_Exercise:_ In the data below, begin at the line with "Canvas Tote Bag" and stop after the line with "For your consideration"; output those lines exactly and no pictures.

_Data for this exercise:_
____________________
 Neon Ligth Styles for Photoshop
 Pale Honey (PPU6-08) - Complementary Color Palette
____________________
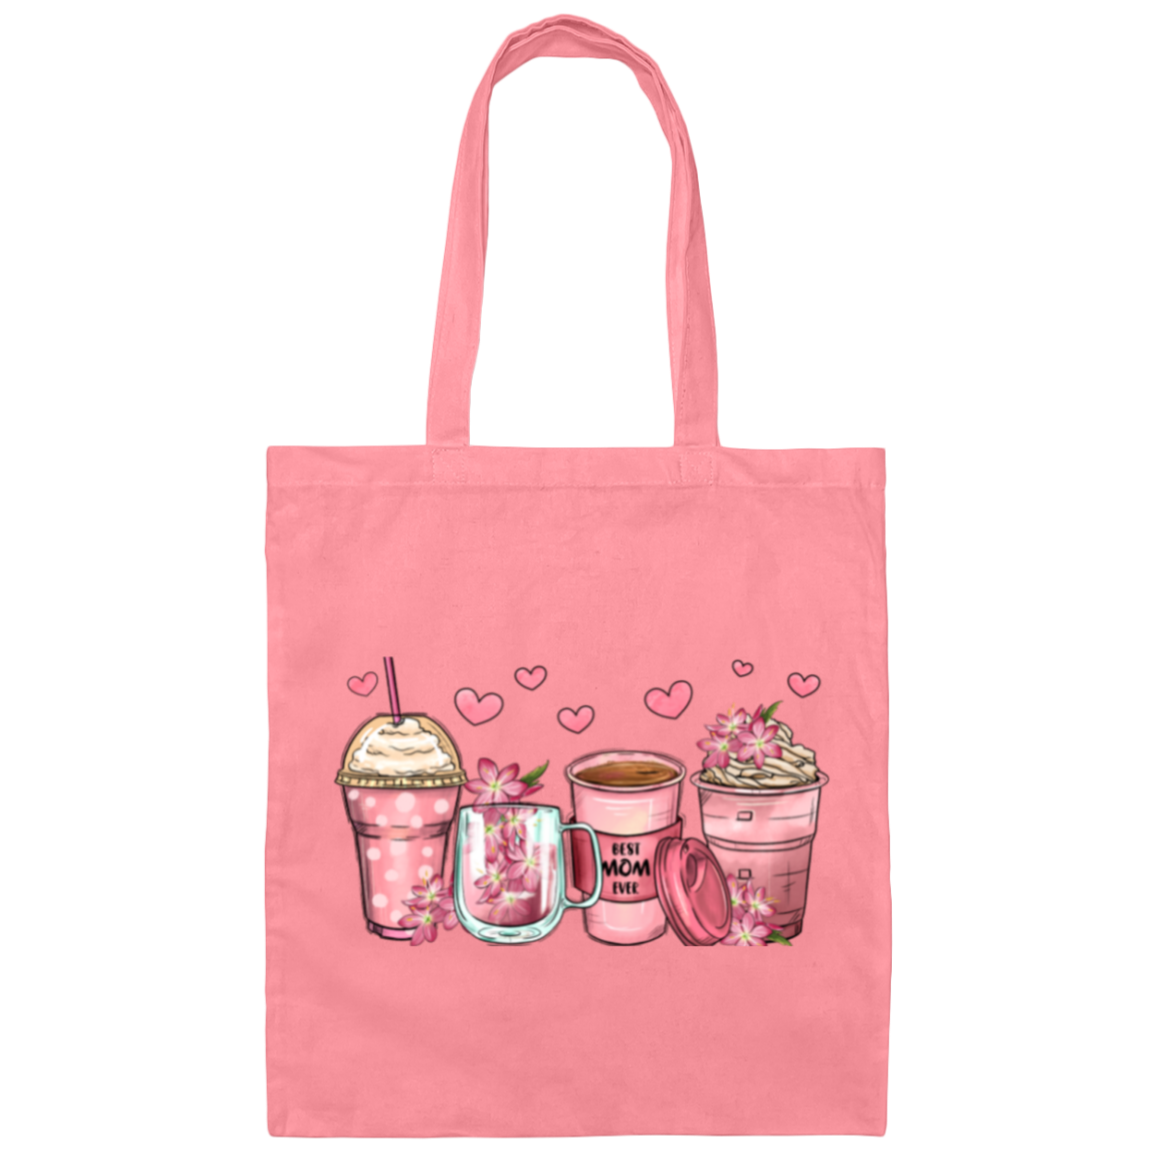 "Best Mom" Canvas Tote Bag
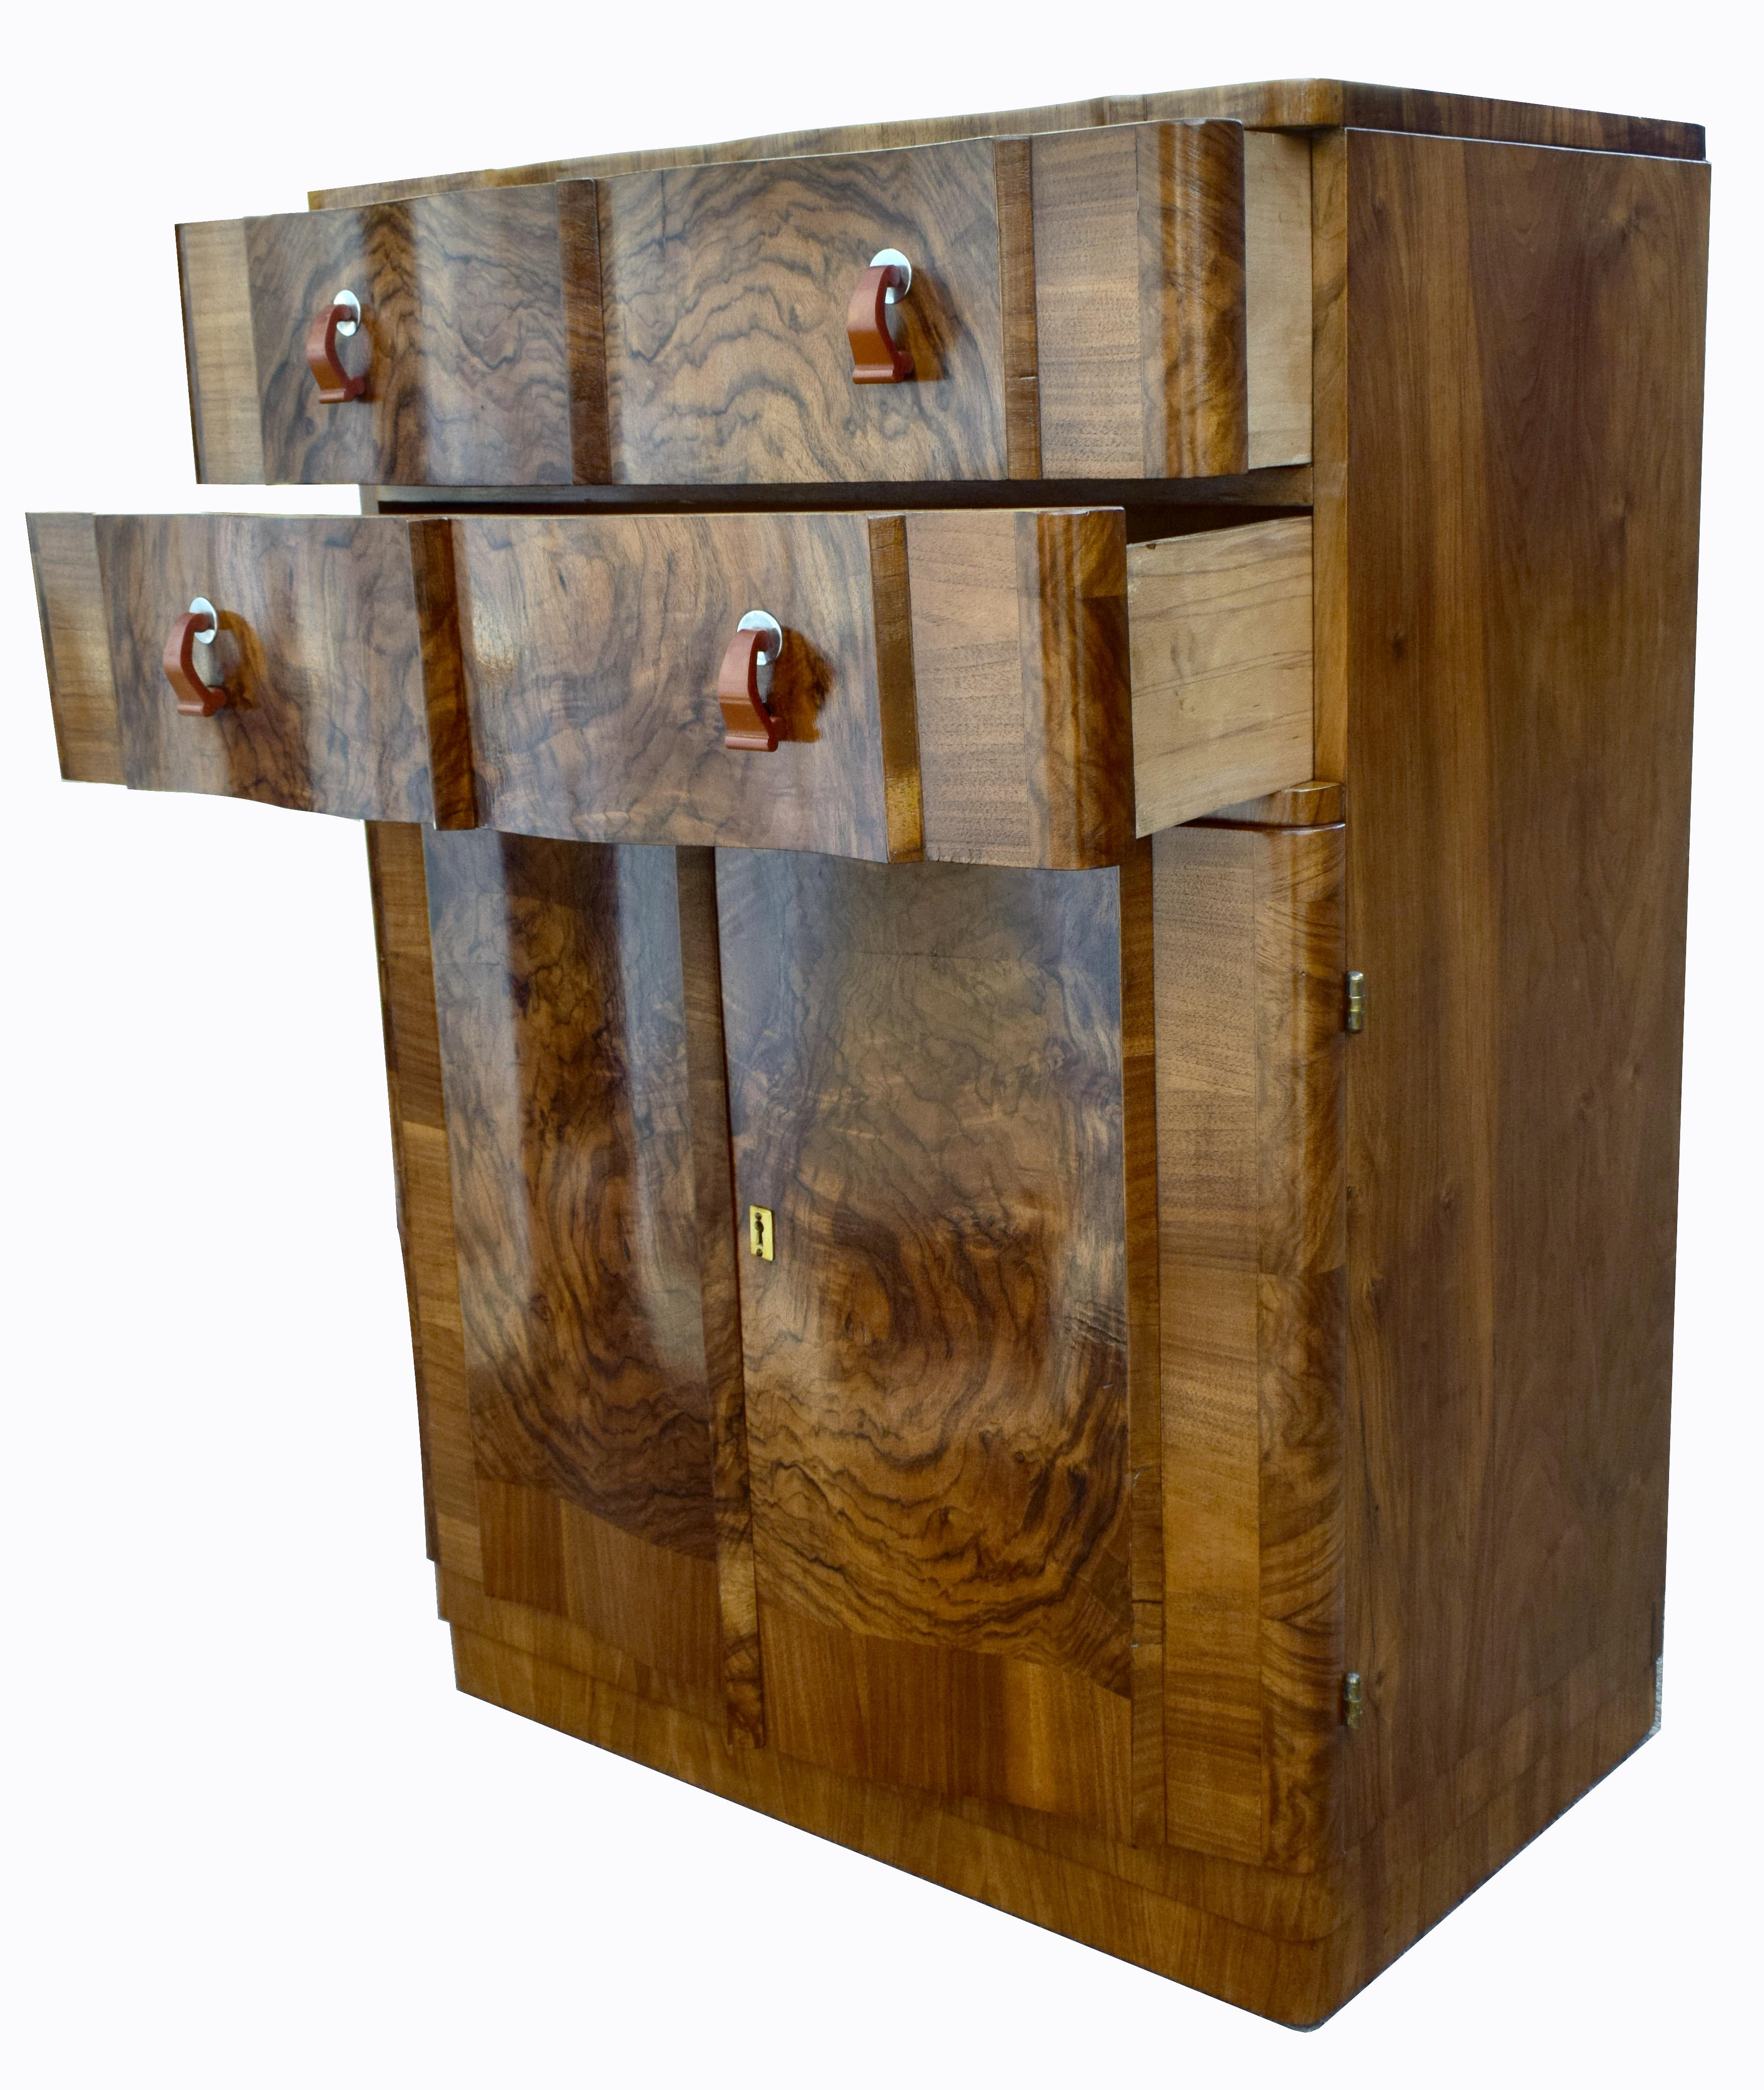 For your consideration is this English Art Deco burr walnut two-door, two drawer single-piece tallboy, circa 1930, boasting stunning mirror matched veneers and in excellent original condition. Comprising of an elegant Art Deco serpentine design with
____________________
_Result of the task:_
 "Best Mom" Canvas Tote Bag
 For your consideration is this English Art Deco burr walnut two-door, two drawer single-piece tallboy, circa 1930, boasting stunning mirror matched veneers and in excellent original condition. Comprising of an elegant Art Deco serpentine design with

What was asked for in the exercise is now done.